**Work task:** Look below for the line with "Fermentation end products" and the line with "SpringFly 16 Pack". Copy exactly those two lines and every line between, but not the pictures.

Segment Open

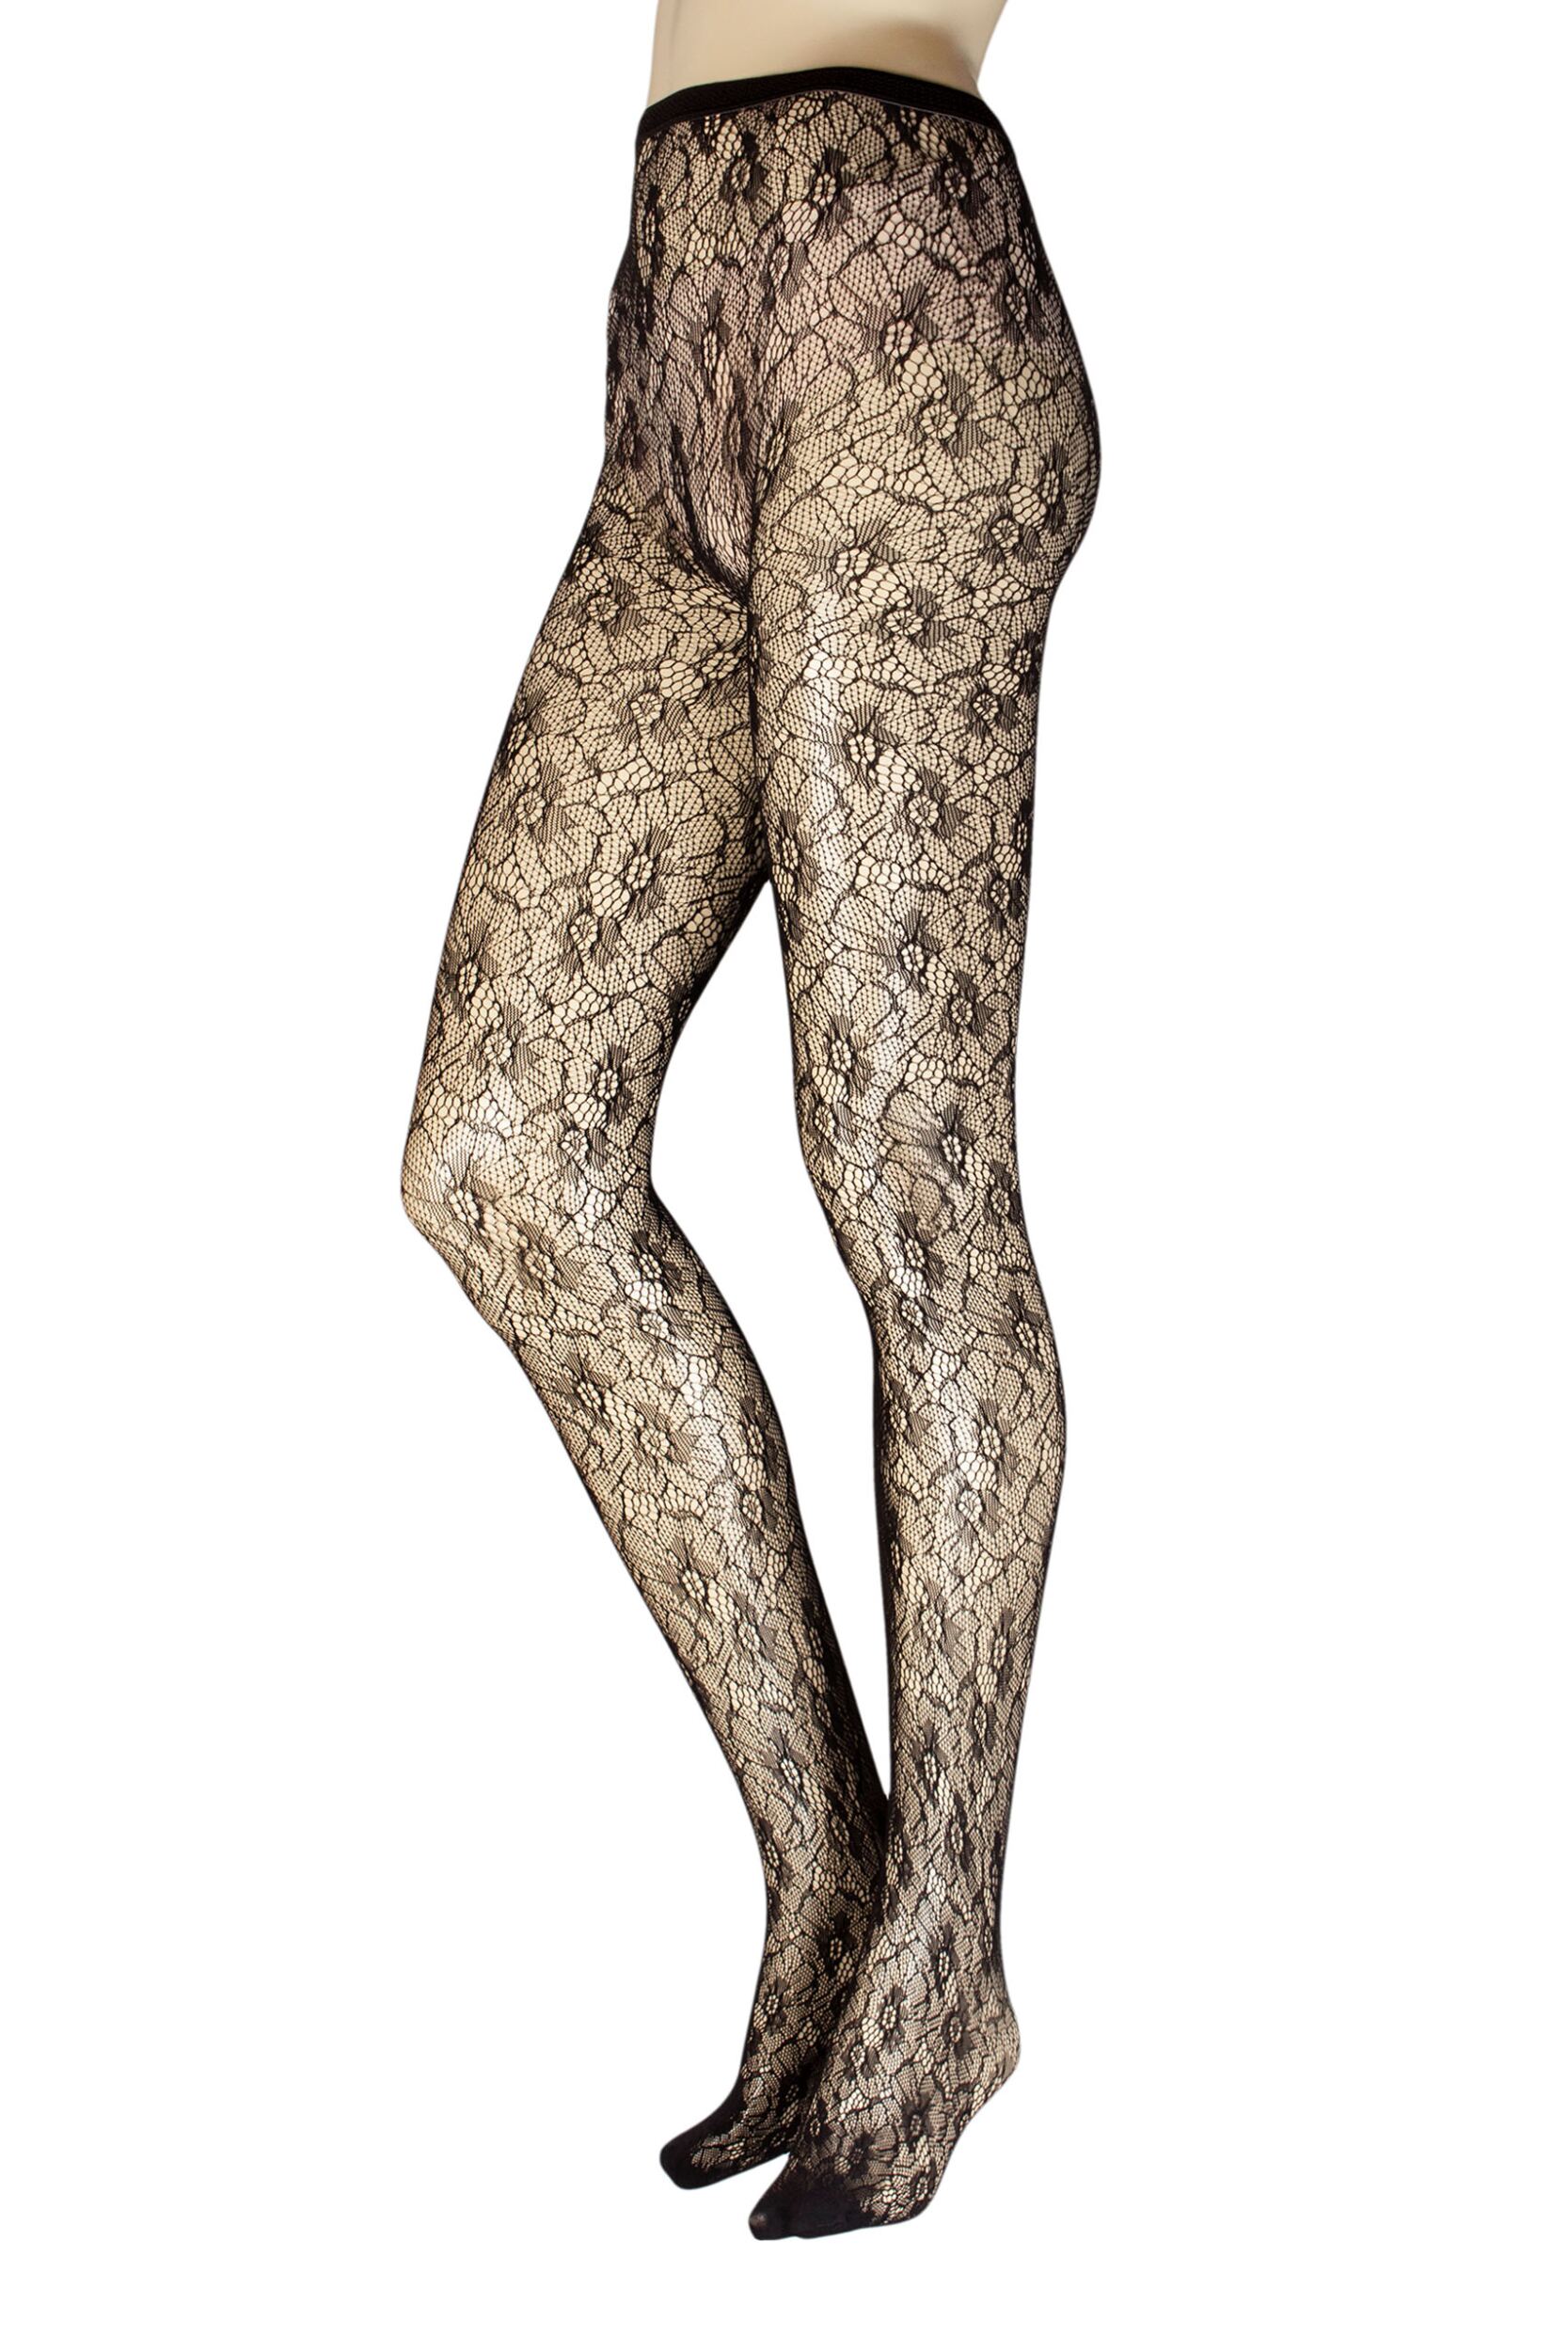 Ladies 1 Pair Trasparenze Licorice Floral Net Tights Black Large / Extra Large
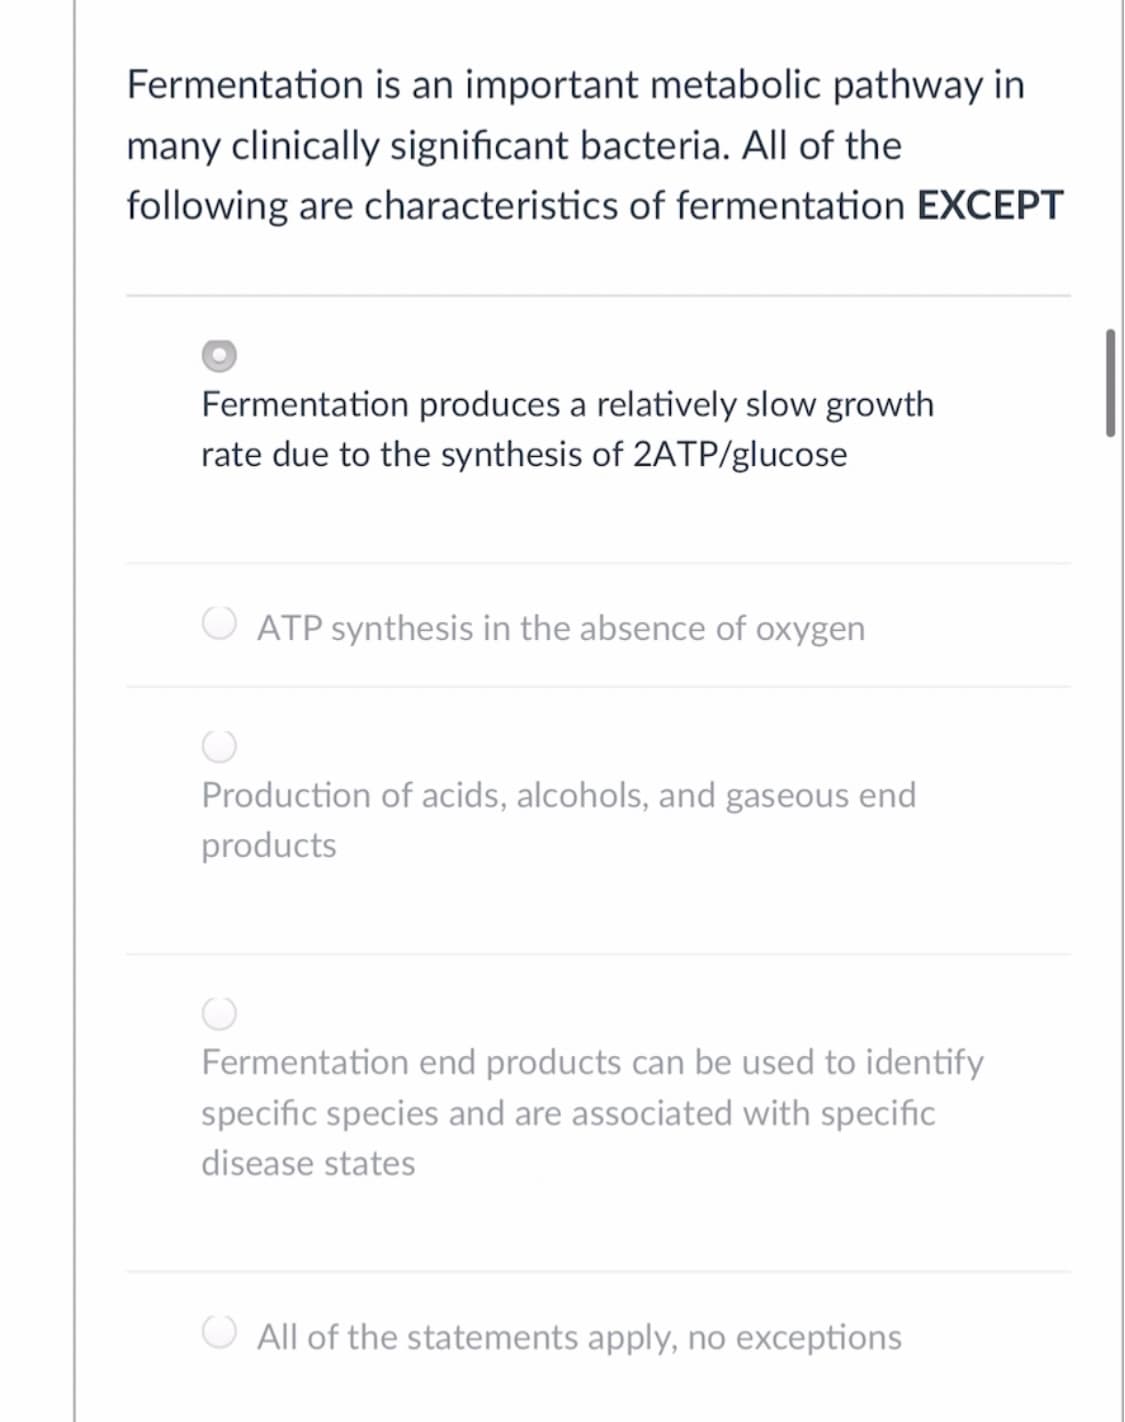 Fermentation is an important metabolic pathway in
many clinically significant bacteria. All of the
following are characteristics of fermentation EXCEPT
Fermentation produces a relatively slow growth
rate due to the synthesis of 2ATP/glucose
ATP synthesis in the absence of oxygen
Production of acids, alcohols, and gaseous end
products
Fermentation end products can be used to identify
specific species and are associated with specific
disease states
All of the statements apply, no exceptions
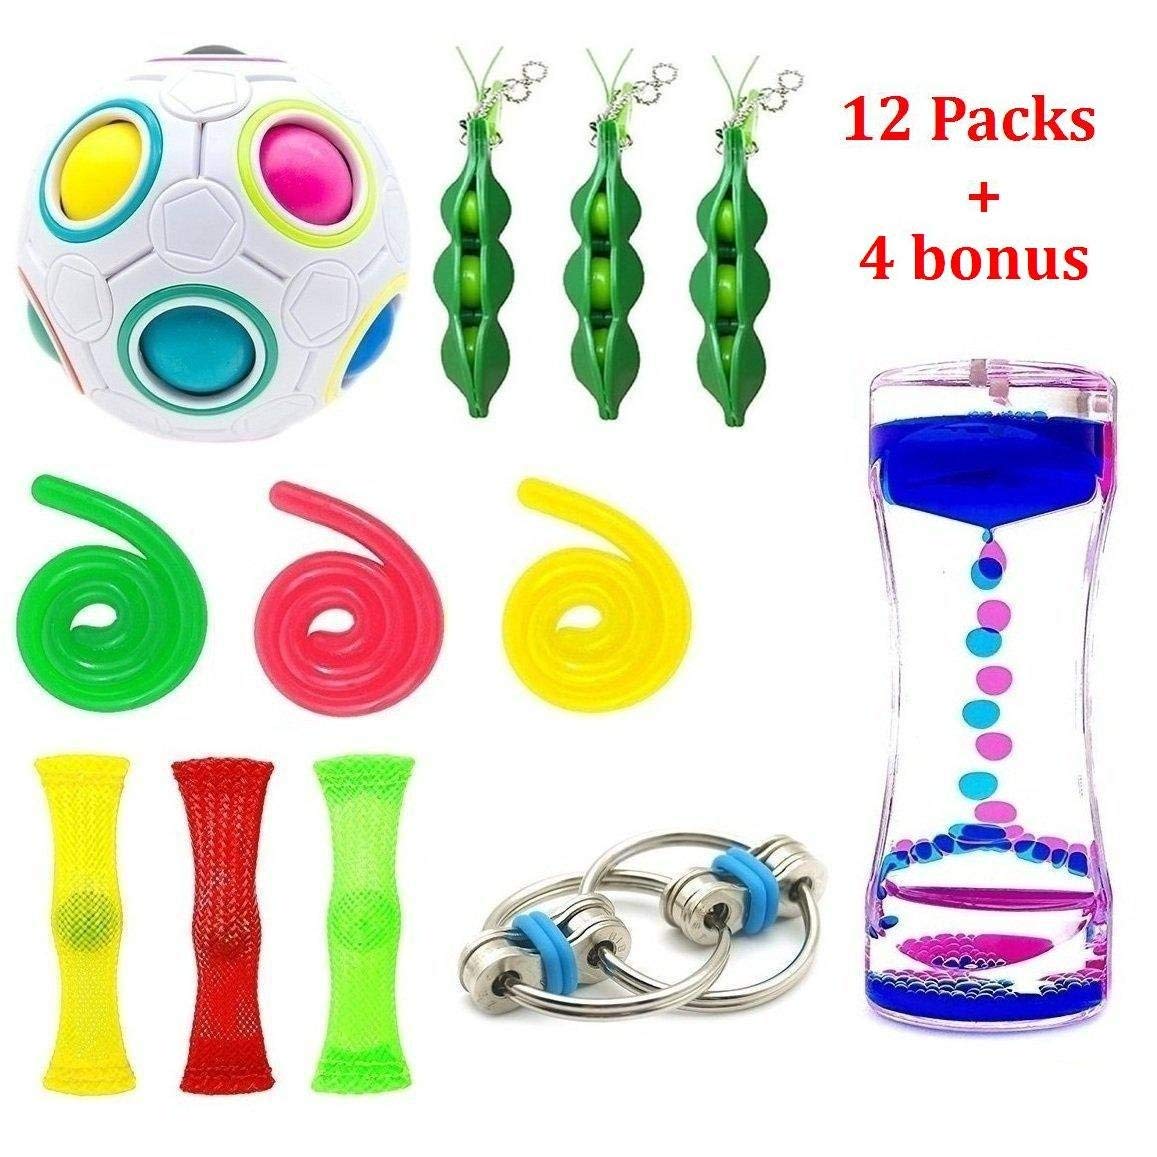 SpringFly 16 Pack Bundle Sensory Toys-Liquid Motion Timer/Rainbow Magic Balls/Bike Chain/Mesh And Marble Toy/Squeeze-a-Bean Soybean/Stretch String Toy for ADD ADHD Stress Relax
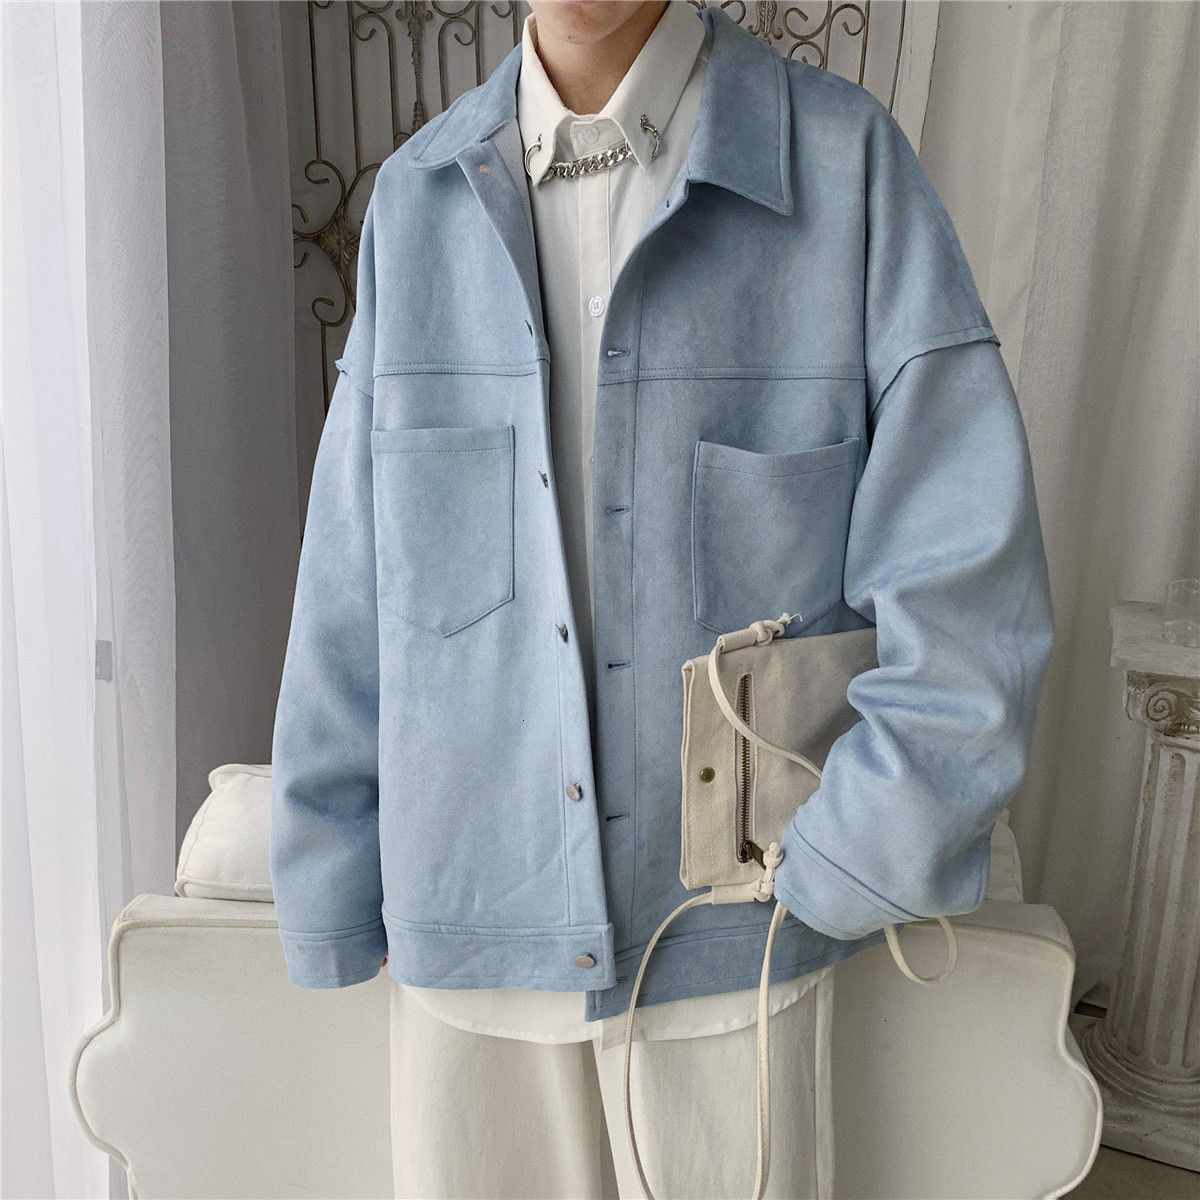 Voguable Privathinker Men's Solid Oversized Suede Jackets Korean Style Men Casual Loose Coats 2021 Autumn New Men's Fashion Outerwear voguable

Segment Closed

**Result:**
Fermentation end products can be used to identify
specific species and are associated with specific
disease states
All of the statements apply, no exceptions
 SpringFly 16 Pack Bundle Sensory Toys-Liquid Motion Timer/Rainbow Magic Balls/Bike Chain/Mesh And Marble Toy/Squeeze-a-Bean Soybean/Stretch String Toy for ADD ADHD Stress Relax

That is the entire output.